Dossett co-leads the Michigan Program on Value Enhancement, or MPrOVE, through which the new study was conducted. MPrOVE teams the clinical quality improvement efforts of U-M Health with the rigorous research methods of the U-M Institute for Healthcare Policy and Innovation. It’s funded by Michigan Medicine, U-M’s academic medical center.

More about the study

The study involved 1,143 patients with an average age of 58 seen at U-M Health’s three preop clinics for outpatient surgery sites from June 2022 to the end of August 2023.

U-M Health had high levels of preop testing (both necessary and unnecessary) in a previous study of 63 hospitals across Michigan published in 2021, so it was a key area for improvement.

During the intervention period, the surgeons and physician assistants involved in the preop clinics had multiple sessions with the study team, and worked to build consensus around which patients needed which tests and which did not. 

In the end, the clinicians were asked to follow a flow chart and grid – called decision support documents — to determine which tests a patient should have before surgery, based on their individual characteristics.  

The tests in question were selected because years of research and recommendations from national and international health care quality groups have deemed them unnecessary for certain patients.
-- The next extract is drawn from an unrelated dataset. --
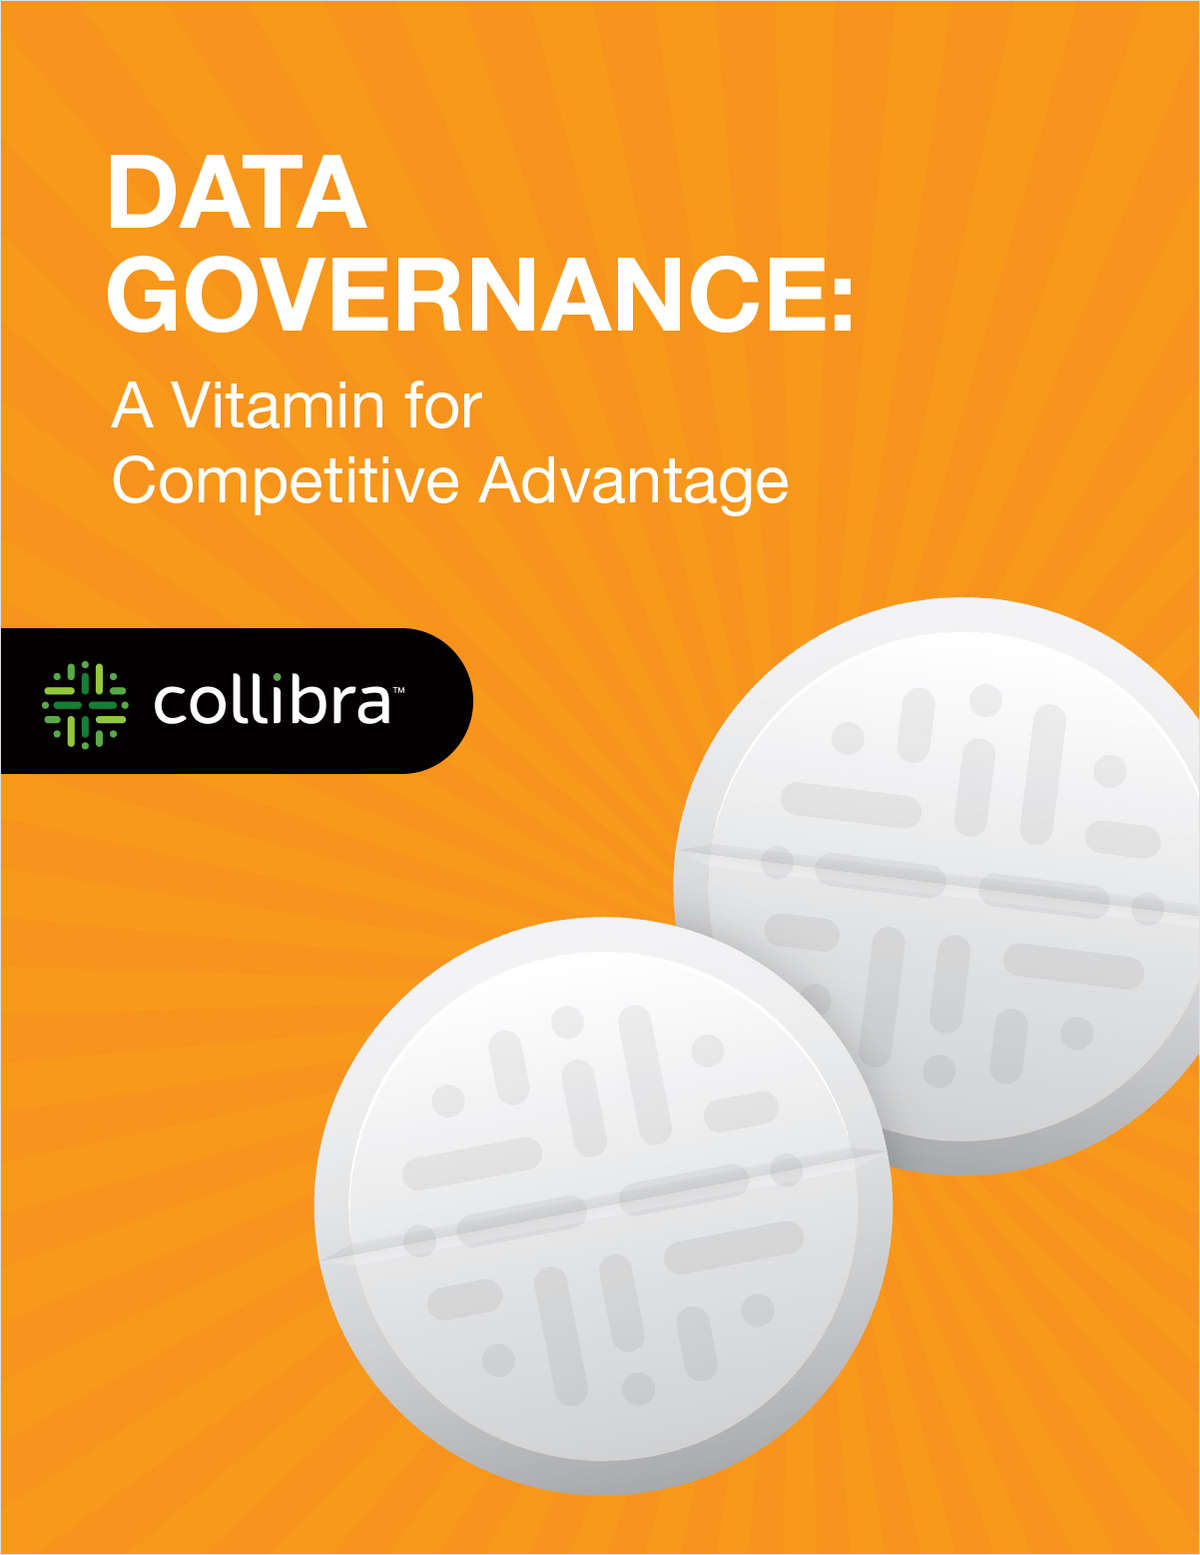 Data Governance: A Vitamin for Competitive Advantage

Blood tests called complete blood cell counts (CBCs), basic metabolic panels (BMPs) and comprehensive metabolic panels (CMPs) were targeted, as were electrocardiograms.

Each patient was scored on a standard scale used by anesthesia professionals to rate the risk of a patient suffering a complication during anesthesia. Those on the lowest two rungs were able to forego all four tests unless a specialist had specifically ordered it. But even patients at the higher end of this scale, called the ASA Physical Status, were able to avoid certain tests depending on what other conditions they had.
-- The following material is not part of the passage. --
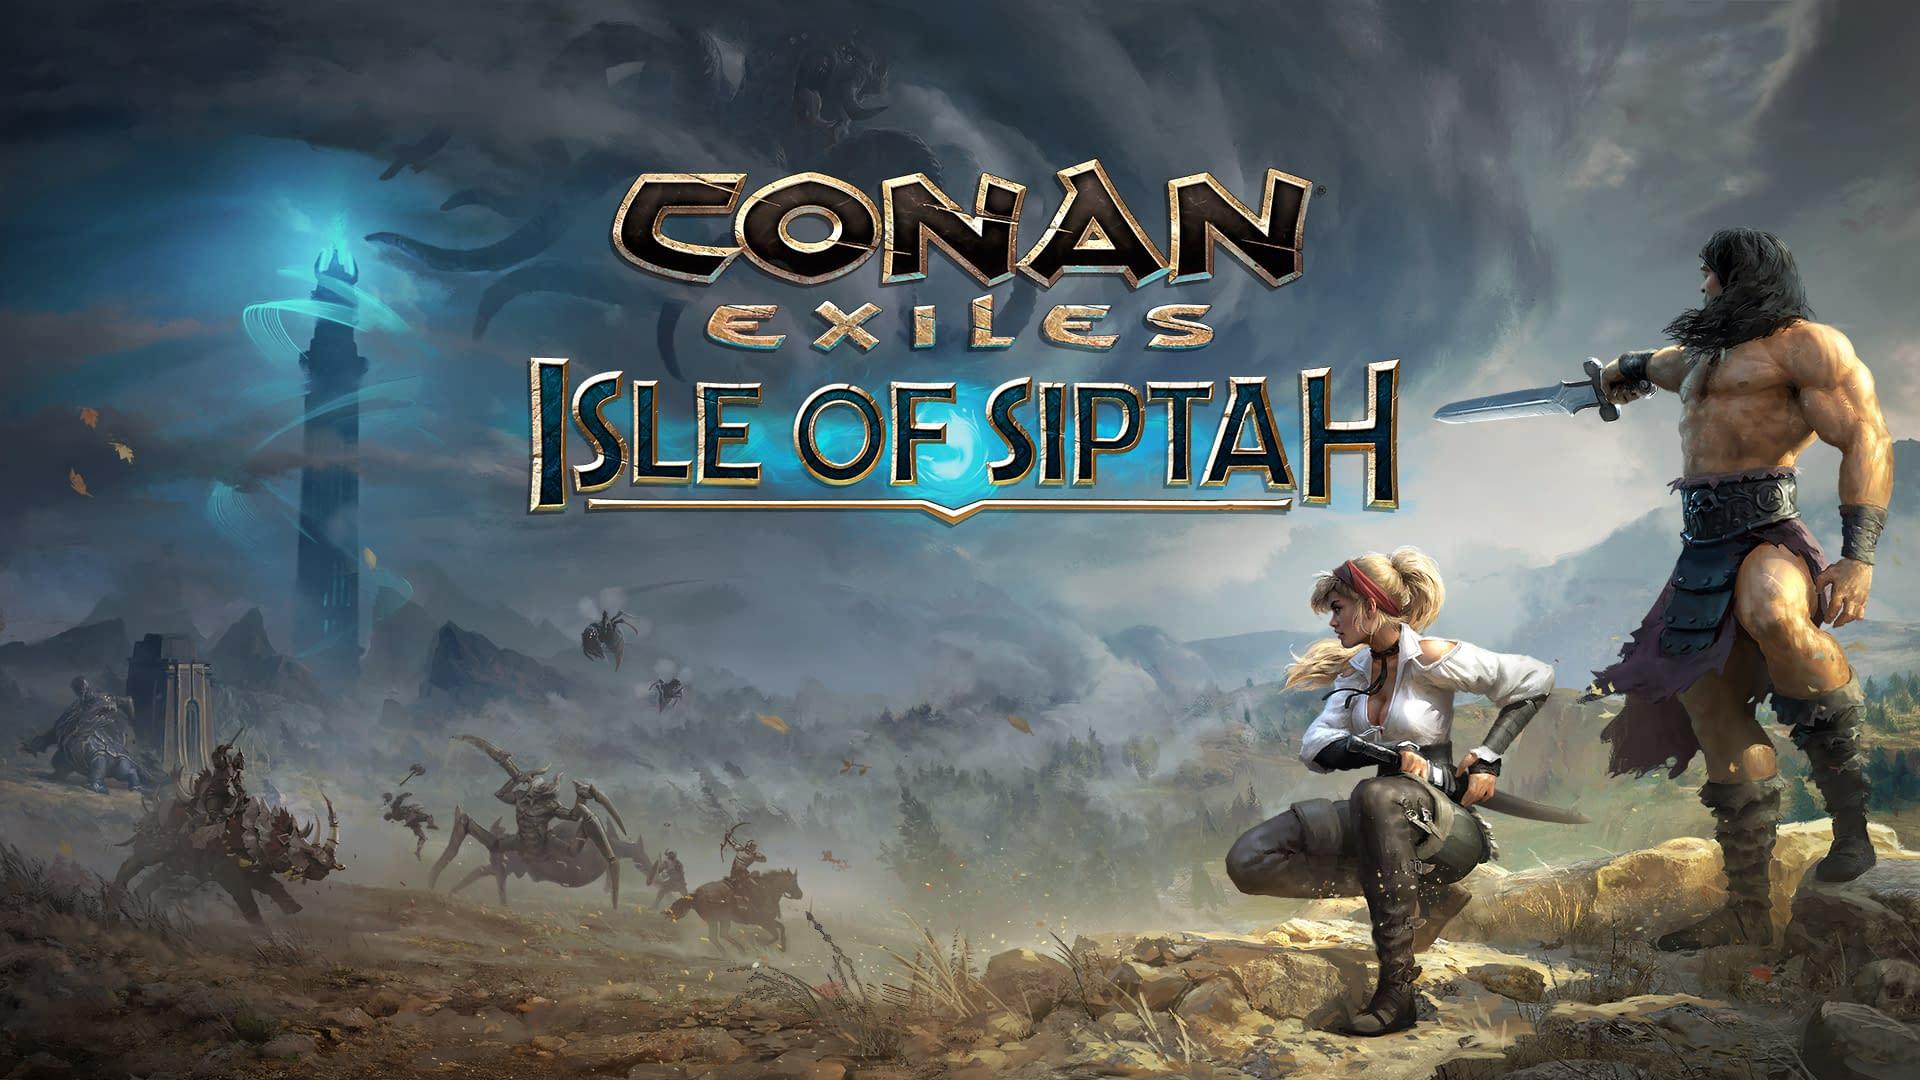 Conan Exiles: The Isle of Siptah

Alexis Antunez, M.D., M.S., is a U-M Medical School alumna and the study’s first author. She was a visiting surgical research resident at Michigan Medicine at the time of the study and is now at the Brigham and Women’s Department of Surgery.

MPrOVE program manager Tony Cuttitta, M.P.H., notes that several U-M Medical School students worked on the study design and data analysis.  He also explains that the U-M team is working to scale up the number of surgical specialties using the approach and evaluate the impacts.
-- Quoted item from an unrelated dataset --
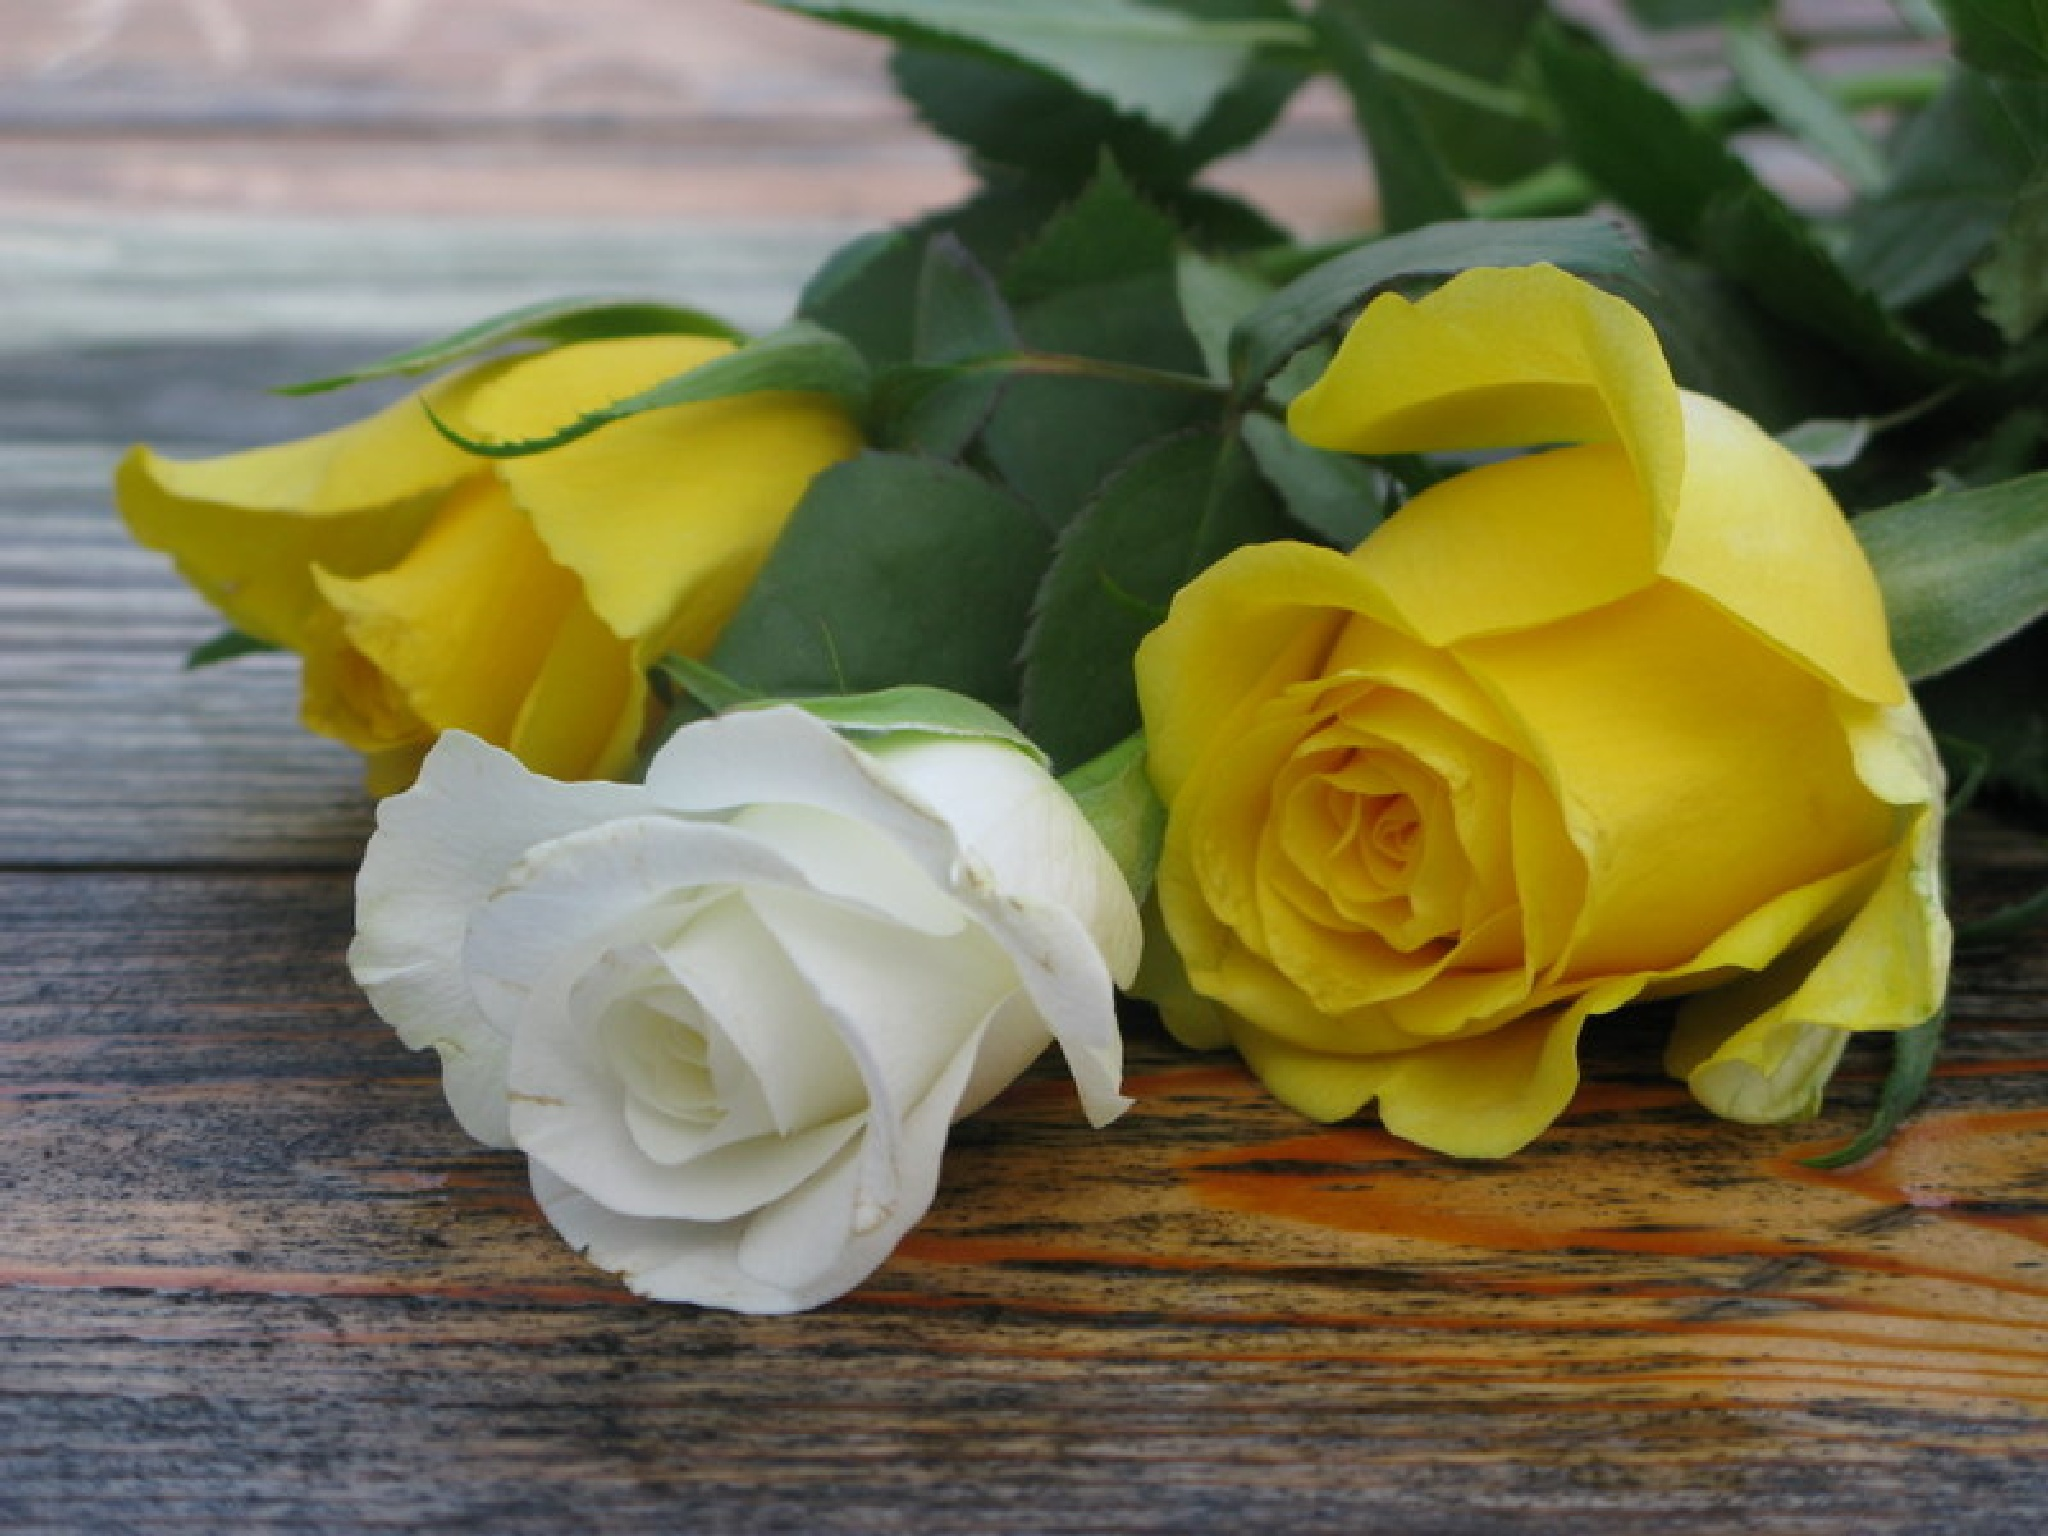 White and yellow by Ela Gajowska

The effort was so successful that the U-M team is partnering with 16 other hospitals across Michigan to repeat the same intervention that spurred the change.

The statewide study, which is funded by a grant from the federal Agency for Healthcare Research and Quality, is now under way. It involves hospitals taking part in collaborative quality initiatives funded by Blue Cross Blue Shield of Michigan and will test whether the model that succeeded at U-M Health is generalizable to other care settings. It will also analyze the financial impact of avoiding unnecessary tests.

In addition to Dossett, Antunez and Cuttita, the study’s authors are Ruby J. Kazemi, BA; Caroline Richburg, MD; Cecilia Pesavento, MD, MBA; Andrew Vastardis, MS; Erin Kim, BS; Abigail L. Kappelman, MA; Devak Nanua, MS; Hiba Pediyakkal, BA; Faelan Jacobson-Davies, MA; Shawna N. Smith, PhD; James Henderson, PhD,10; Valerie Gavrila, MPH; and Hari Nathan, MD, PhD. 

Dossett, Nathan, Smith and Henderson are members of IHPI; several authors are members of the Center for Healthcare Outcomes and Policy, and the Michigan Value Collaborative.

The study was funded by the National Institutes of Health (T32CA009672), the Agency for Healthcare Research and Quality (R01HS029306-01A1) and Blue Cross Blue Shield of Michigan’s support for the Michigan Value Collaborative as part of the BCBSM Value Partnerships program.